Cancer Informatics (Jan 2007)
Comparison of Predicted Probabilities of Proportional Hazards Regression and Linear Discriminant Analysis Methods Using a Colorectal Cancer Molecular Biomarker Database
Abstract
Background: Although a majority of studies in cancer biomarker discovery claim to use proportional hazards regression (PHREG) to the study the ability of a biomarker to predict survival, few studies use the predicted probabilities obtained from the model to test the quality of the model. In this paper, we compared the quality of predictions by a PHREG model to that of a linear discriminant analysis (LDA) in both training and test set settings. Methods: The PHREG and LDA models were built on a 491 colorectal cancer (CRC) patient dataset comprised of demographic and clinicopathologic variables, and phenotypic expression of p53 and Bcl-2. Two variable selection methods, stepwise discriminant analysis and the backward selection, were used to identify the final models. The endpoint of prediction in these models was five-year post-surgery survival. We also used linear regression model to examine the effect of bin size in the training set on the accuracy of prediction in the test set.Results: The two variable selection techniques resulted in different models when stage was included in the list of variables available for selection.

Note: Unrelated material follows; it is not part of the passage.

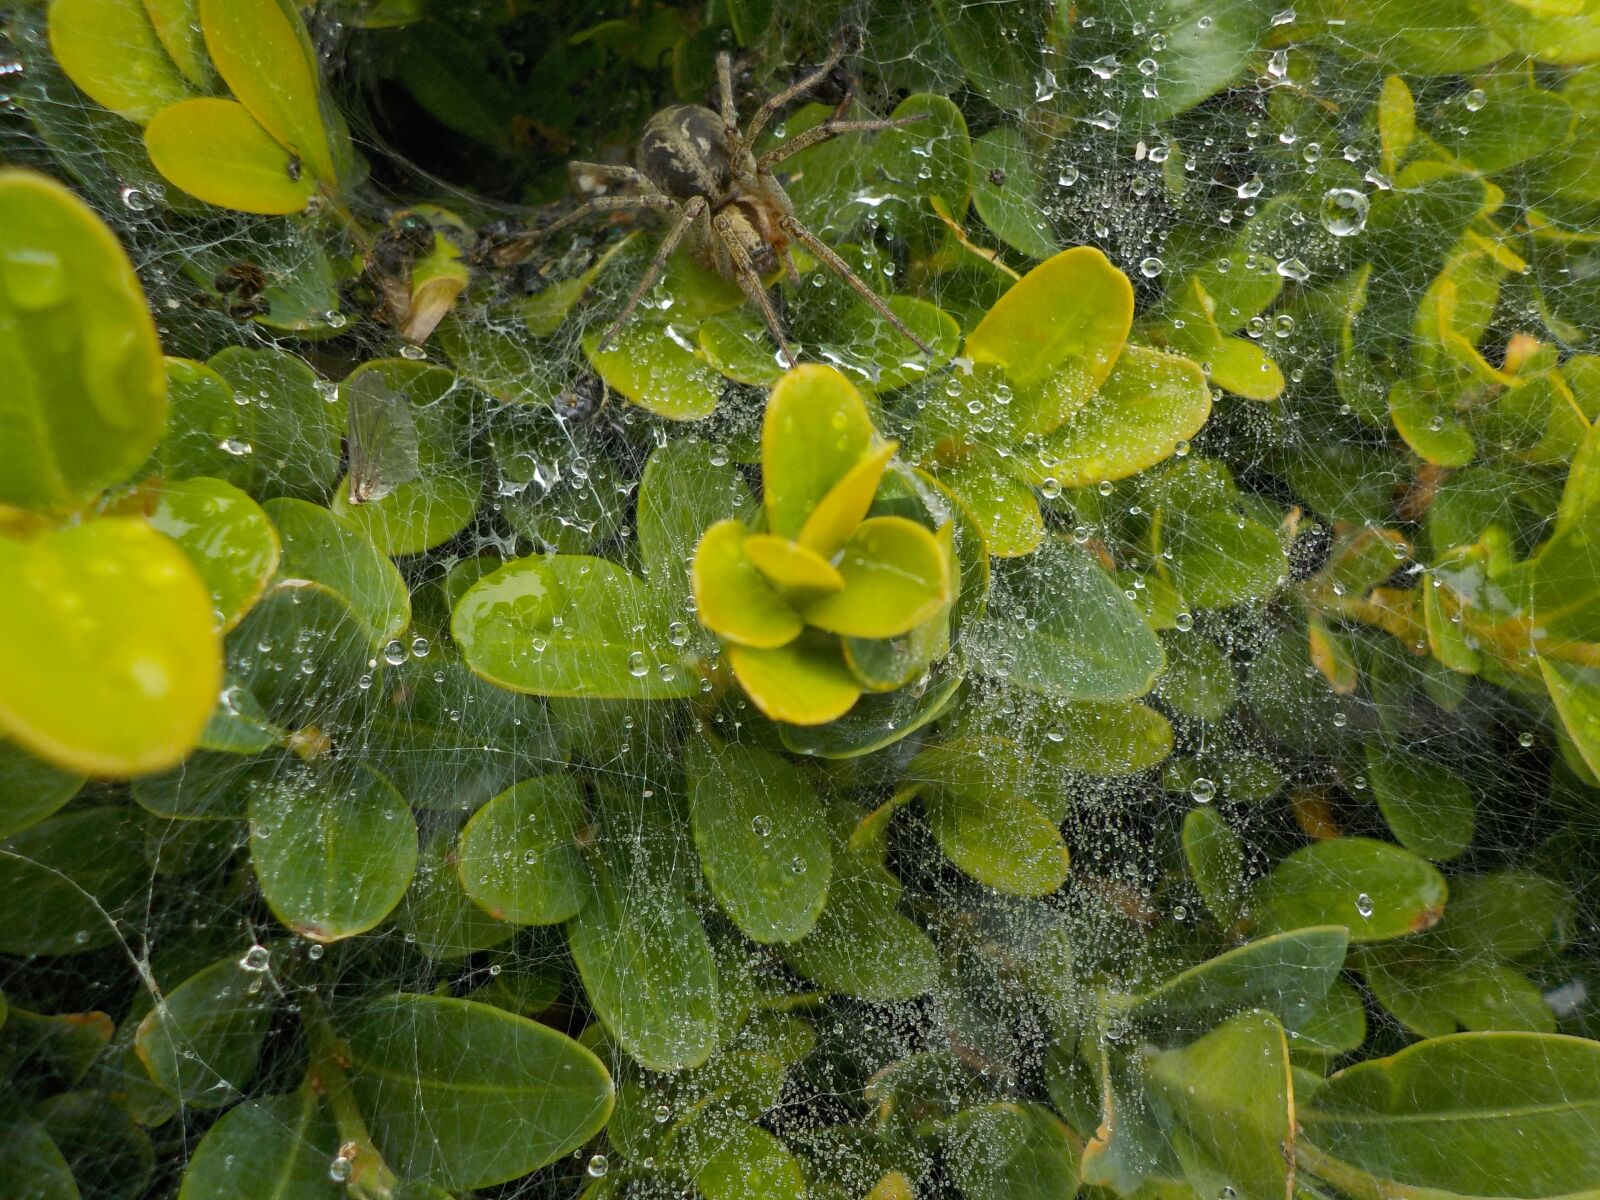 Nikon Coolpix S32 sample photo. Spider, garden, cobweb photography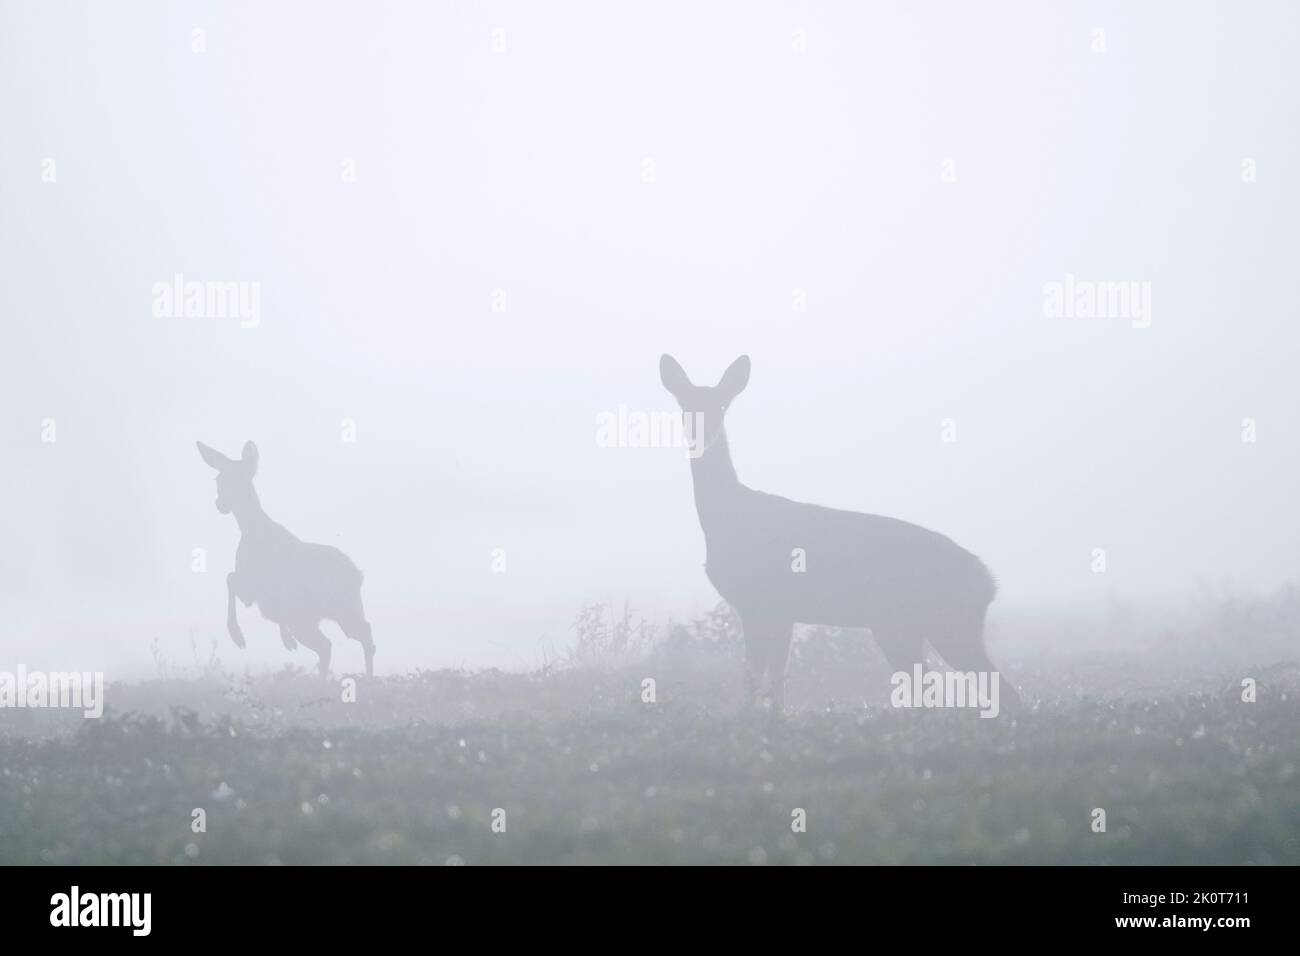 Corzo europeo (Capreolus capreolus) hembra / ciervo con jóvenes huyendo en prado / pradera cubierta de densa niebla a finales de verano / principios de otoño Foto de stock

However, the proportion of survivors and non-survivors correctly identified was identical in both of these models. When stage was excluded from the variable list, the error rate for the LDA model was 42% as compared to an error rate of 34% for the PHREG model.Conclusions: This study suggests that a PHREG model can perform as well or better than a traditional classifier such as LDA to classify patients into prognostic classes. Also, this study suggests that in the absence of the tumor stage as a variable, Bcl-2 expression is a strong prognostic molecular marker of CRC.